Мне хотелось пожурить Васю, заставить его переделать сцену по моим замечаниям, но я ведь сам дал молодому педагогу полную свободу, сам его вырастил и выпестовал, сам твердил ему о жанровом перевороте, о театре шутов... И я ничего не сказал Васе. Похвалил его работу при студентах, поблагодарил исполнителей, оставил все, как есть. И был вознагражден за свою терпимость сполна.

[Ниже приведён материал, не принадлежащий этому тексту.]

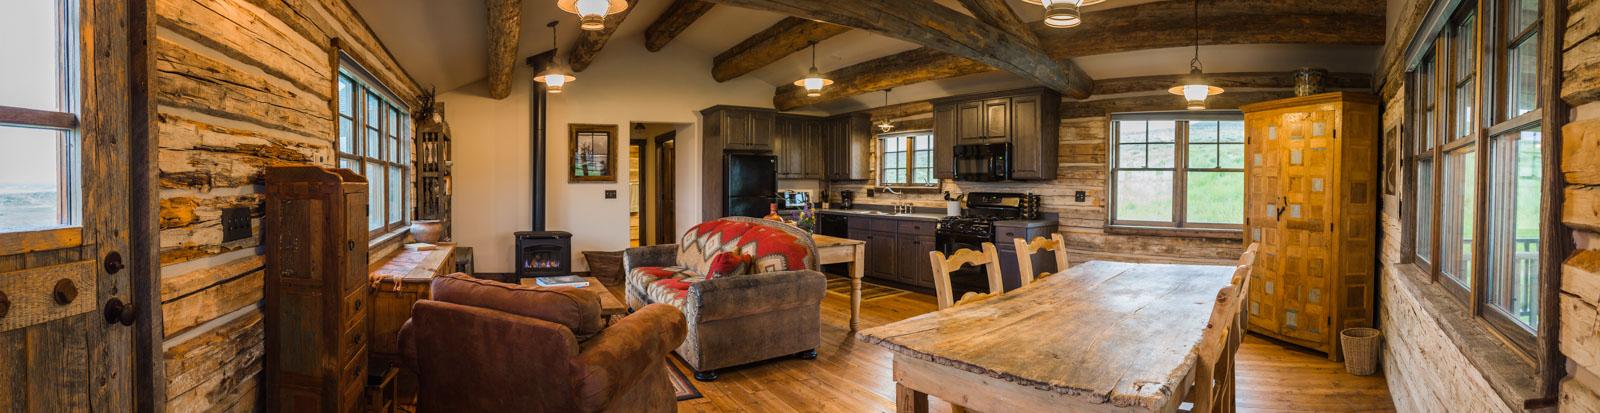 Rental vacation homes, J Bar L Ranch, Montana, USA

Посмотрев "тронный зал" по второму заходу, я увидел, что Василий Иванович сделал именно то, о чем мы с ним договаривались, и ничего больше, но сделал это так последовательно, с таким хорошим азартом и с такой безоглядностью, с такой фантазией и изобретательностью, как, вероятно, я не сделал бы никогда. Учтя мою прошлую похвалу, студенты поверили в правильность того, что они делают и заиграли в этот раз свободно и легко, ощущая все контрастные переходы, да еще я посадил как раз на этой репетиции Валеру Бильченко за рояль, отчего сцена обрела драматический нерв и настроение. Наметилась удача, явная и бесспорная: шутовство и озорничанье развенчивали как раз то, что я больше всего не принимал и ненавидел — функционерскую круговую поруку, хамскую бесцеремонность всевозможных начальников, механическую работу машины власти, кроме того, шутовство и озорничанье своей безответственной легкостью как нельзя лучше подготавливали грядущую трагедию. Как я этого не разглядел в васиной работе с первого раза?! Вася попал в десятку. Победила молодость.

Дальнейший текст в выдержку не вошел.